Wednesday, October 2, 2013

New blog, first post


I just came from my dietitian, and I’m fucked. She wants to call my therapist (who is out of the office this week so I don’t see the point). But, basically she’s concerned about my lack of fluid intake, my lack of nutritional intake, and me being lethargic/having no energy. I just didn’t know what to say. Whenever I get like this, she always tells me how it’s just a matter of time before I lose my job and will have to re-enter treatment. Somehow I always am able to pull myself together and start being healthy again. Right now, I just don’t really care. The sight, smell, and thought of food scares me. It actually makes me want to cry. My hunger cues are fucked up. And my RD thinks my thirst cues are fucked up too. Her goal for me this week is to add more caloric fluids. I guess I can do that. All I see in my head is, calories, calories, calories. The phobia I have of the smells of food entering my body as calories is ridiculous, I know. But it feels real. 
The thing is, my dietitian didn’t even weigh me. Which kind of pissed me off because in my head I’m thinking, “well I must look as huge as ever so why is it such a big deal that I’m starving myself? But I do feel like shit. No energy, can barely keep my eyes open. 
I wish I cared more. I wish I could back on track with the snap of my fingers. I refuse to believe that I could lose my job over this. Sometimes I think my RD just says that as a scare tactic. Even though I actually have lost my job before from my eating disorder. 
I’m under strict instruction to email her every day with my food and fluid intake. I hate taking food journals. I don’t like other people knowing what I’m eating. 
I guess I will go drink some carnation instant breakfast (gross), because I do have work tonight. 

2 comments:

  1. i'm sorry you're struggling so much.
    as far as feeling like you can inhale calories through smelling, i don't know how much of my blog you've read, but that fear completely paralyzed me during the months before i went to acute. i wouldn't even leave my room because i was so scared of smelling/being around food. and i know that no matter how much people will try to convince you that it doesn't work that way, and despite the fact that to a certain extent you know it can't really work like that, it feels so so real. and it's terrifying. you aren't crazy. you're just starving. and it's hard (impossible, really) to think clearly when you're starving. everything just feels really scary and overwhelming.
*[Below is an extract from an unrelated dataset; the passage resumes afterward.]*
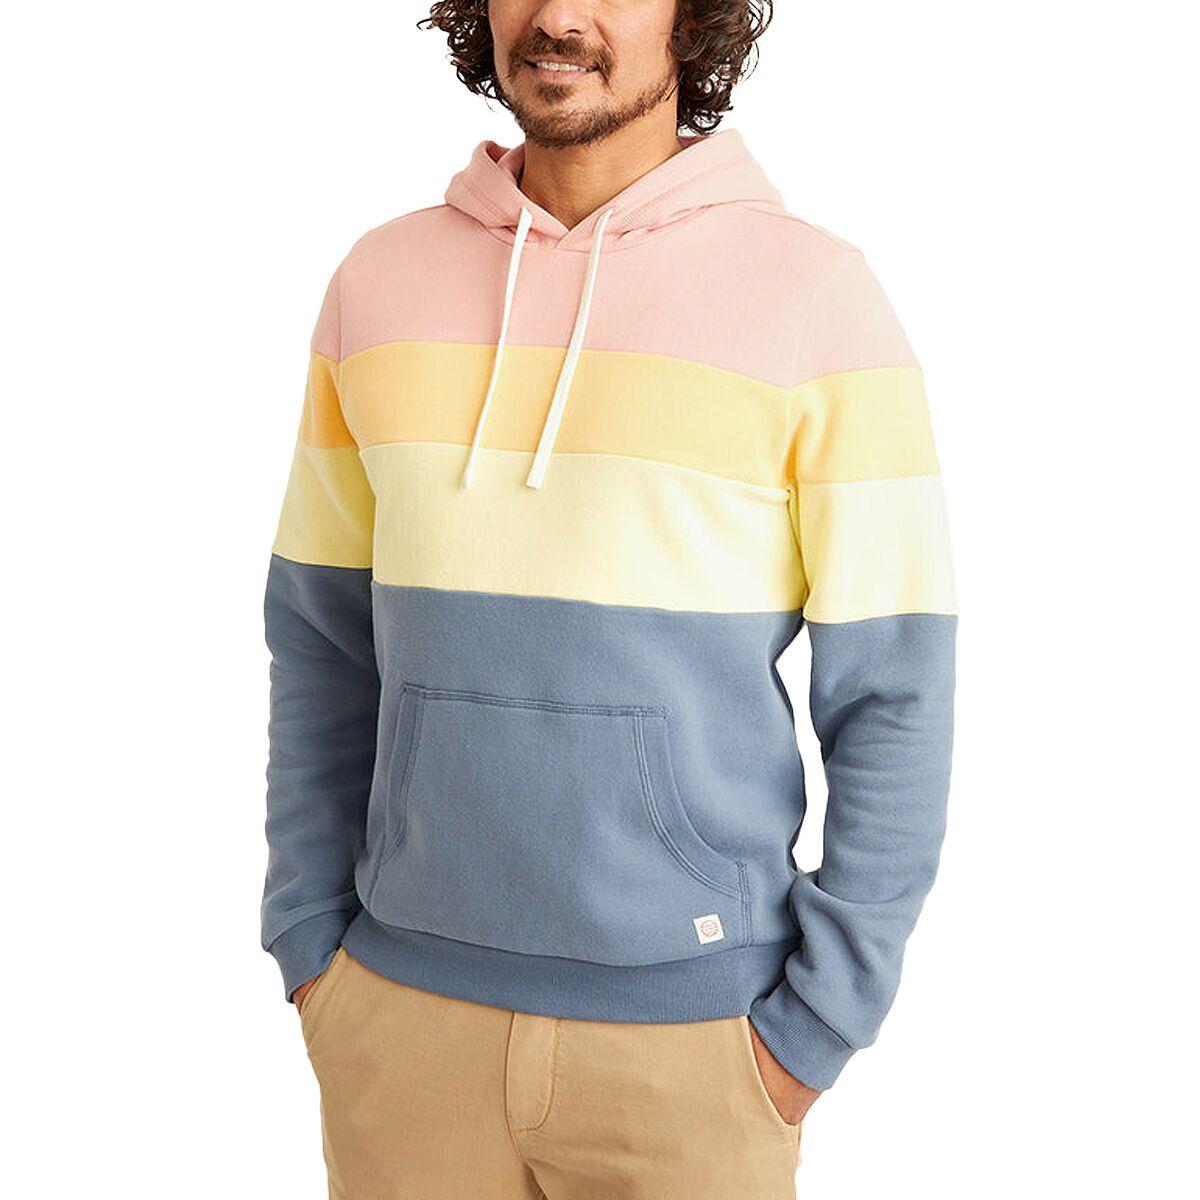 Men's Quilted Sweatshirt, Pullover Hoodie, Colorblock

    i wish i could take it away for you/make it easier, but obviously i can't. and i'm with you as far as wishing that getting back on track was as simple as just snapping your fingers. that'd be nice. unfortunately, it's going to take a lot more work and dedication than that.

    i really do believe that you can do it though. you're really an incredibly strong and resilient person. keep pushing yourself forward, even when it feels like shit.

    know that i'm always here for you. <3

    ReplyDelete
    Replies
    1. rachel, i'd really like to read your blog...i've loved your writing and honesty for years!